Some database ALTER statements can be idempotent, but not all. Many operations simply set or unset attributes on an object, or execute a static rename operation, but some operations perform intrinsically non-idempotent operations such as adding a column to a table or swapping the names of two objects.

Natural Idempotence

Many ALTER statements are naturally idempotent, for example:

ALTER DATABASE ALPHA_PROD SET DATA_RETENTION_TIME_IN_DAYS = 90; This is clearly an idempotent operation i.e. rerunning this statement many times will not change the resulting state. Similar behaviour can be observed for other ALTER statement clauses such as UNSET.

Additionally, some statements include a REFRESH method, for example in the case of refreshing a pipe , which although will alter the underlying state of the object, can safely be applied multiple times to the same overall effect.

Non-idempotent Operations

However, problems arise with other clauses, particularly around managing table columns and constraints, swapping tables, and working with sequences.

For example:

ALTER TABLE CONTACTS ADD COLUMN HOME_PHONE VARCHAR(20);

This statement will clearly fail if the CONTACTS table already has a column called HOME_PHONE.

Other non-idempotent operations include:

  • ALTER SHARE <name> { ADD | REMOVE } ACCOUNTS ...
  • ALTER DATABASE <name> SWAP WITH ...
  • ALTER SCHEMA <name> SWAP WITH ...
  • ALTER TABLE <name> SWAP WITH ...
  • ALTER SEQUENCE <name> INCREMENT BY ...

Drop and Recreate

One approach to altering an object in an idempotent way is to simply drop the object and then recreate it. Clearly, this approach will have an impact on objects that hold child objects (in databases, schemas), materialised data (in tables, materialised views) or state information (in stages), as discussed in section 0 above.

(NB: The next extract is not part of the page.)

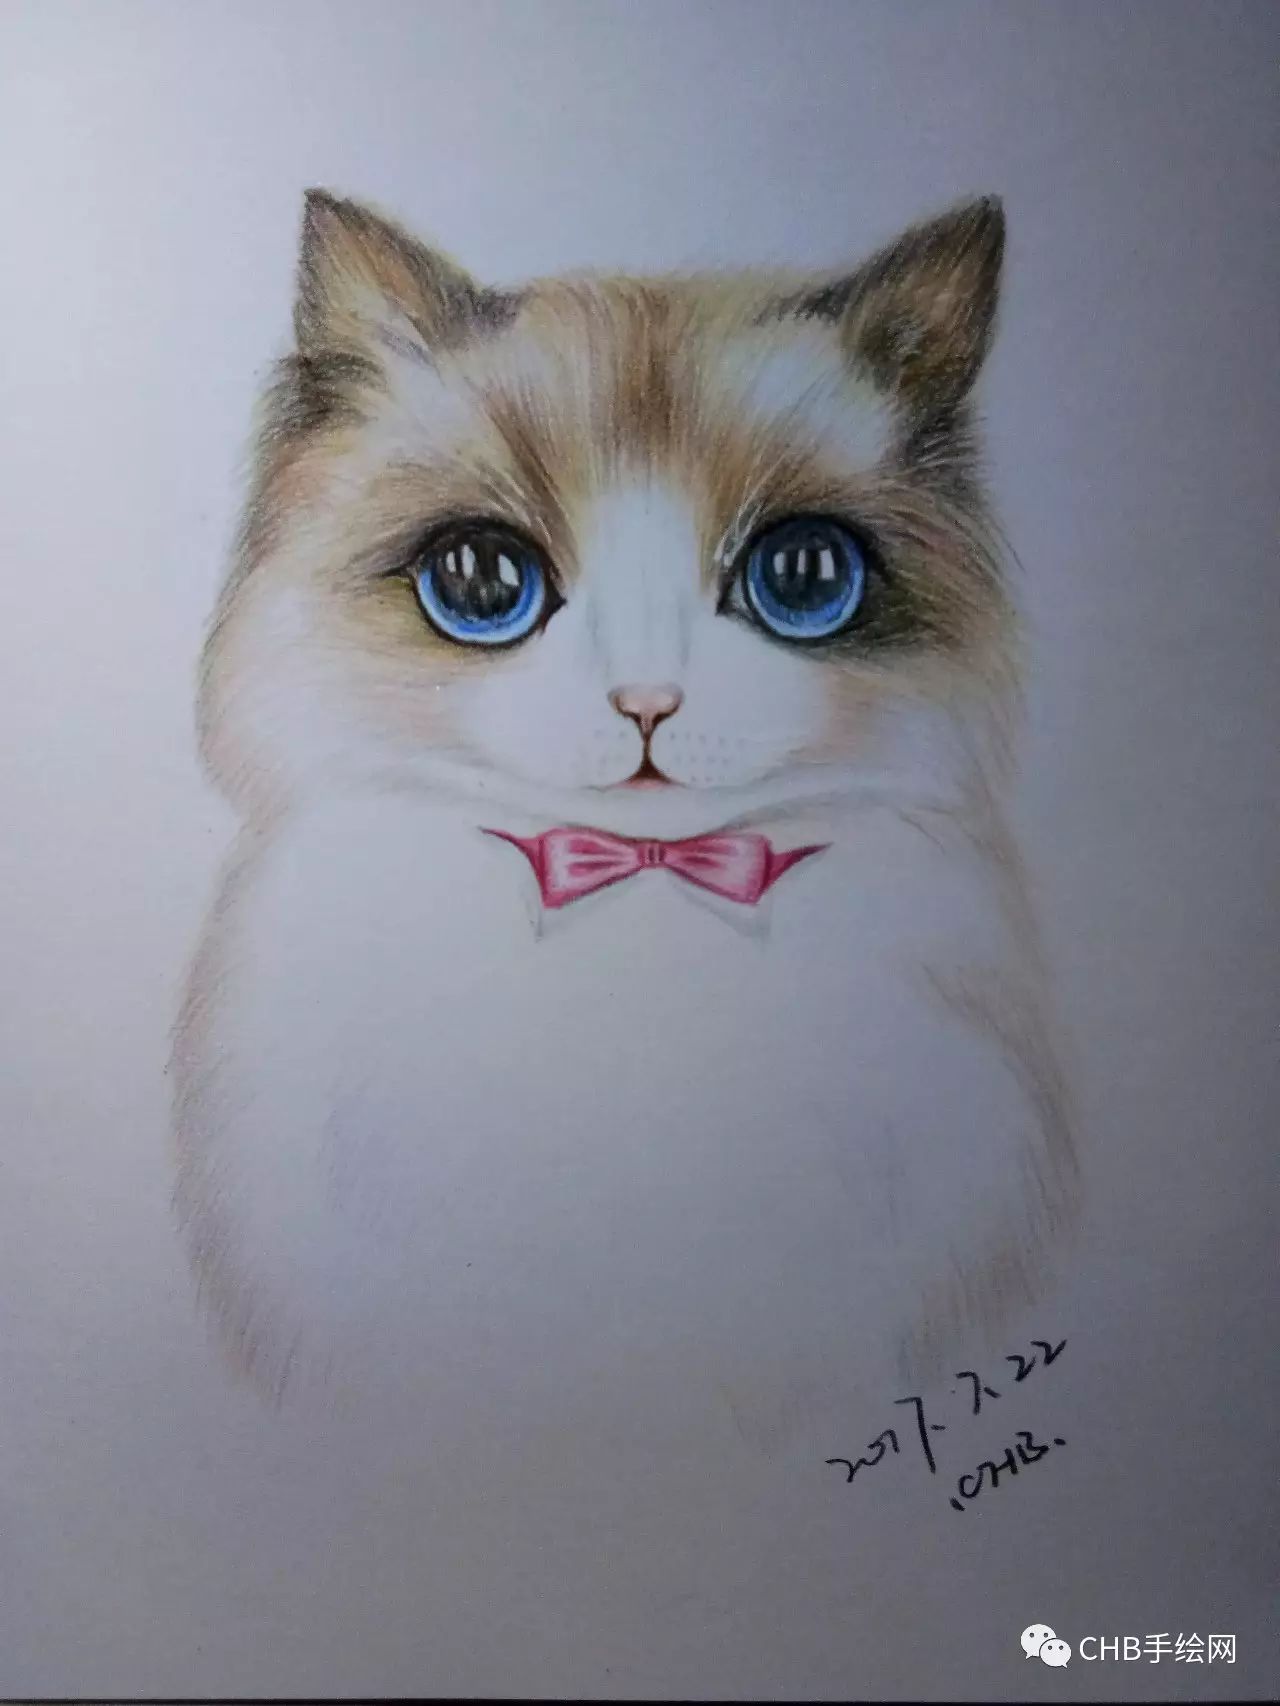 一起来画萌宠吧:彩铅小猫绘画过程分享

However, each of these limiting factors may not be a blocker to applying this approach. Child objects can also be recreated, many data management approaches will allow data to be easily reloaded, and persistent state information may not be important to some processes. For example the requirement for a new table which is a simple transformation of an existing table that doesn’t have a very large number of rows is often simpler to recreate each time that to deal with alterations.

Therefore, in many cases an ALTER statement could be swapped out in favour of a CREATE OR REPLACE operation.

Targeted Alteration

If simply dropping and recreating an object is not feasible, a general alternative approach would be to identify the differences between the current and future states (i.e. the current object configuration and the desired specification), and then compute the necessary ALTER commands to get there.

This approach has the advantage of retaining existing objects and data, although there will be some cases where certain in-place alterations are simply not possible. This is discussed more fully in other papers.

Object Deletion

In Snowflake, all DROP operations can include the IF EXISTS modifier which, when included, will cause the execution to gracefully terminate without an error condition if an object with the provided name does not exist.

Therefore, all DROP operations can be considered idempotent if they include the IF EXISTS modifier, as any given statement can be executed one of more times with the same effect.

Object Grants

Statements to apply access privileges to a role on an object (or on the account) using GRANT are naturally idempotent, as a GRANT statement will not fail or cause an error condition if the specified permissions are already in place.

If a CREATE OR REPLACE strategy is used to create/recreate certain objects, the fact that this will drop all the direct grants on an object can be mitigated by the fact that grants can be then applied regardless, due to this idempotent nature. This can also have the effect of removing any rogue grants that might have been applied by uncontrolled external processes, thus cleaning up the object permissions.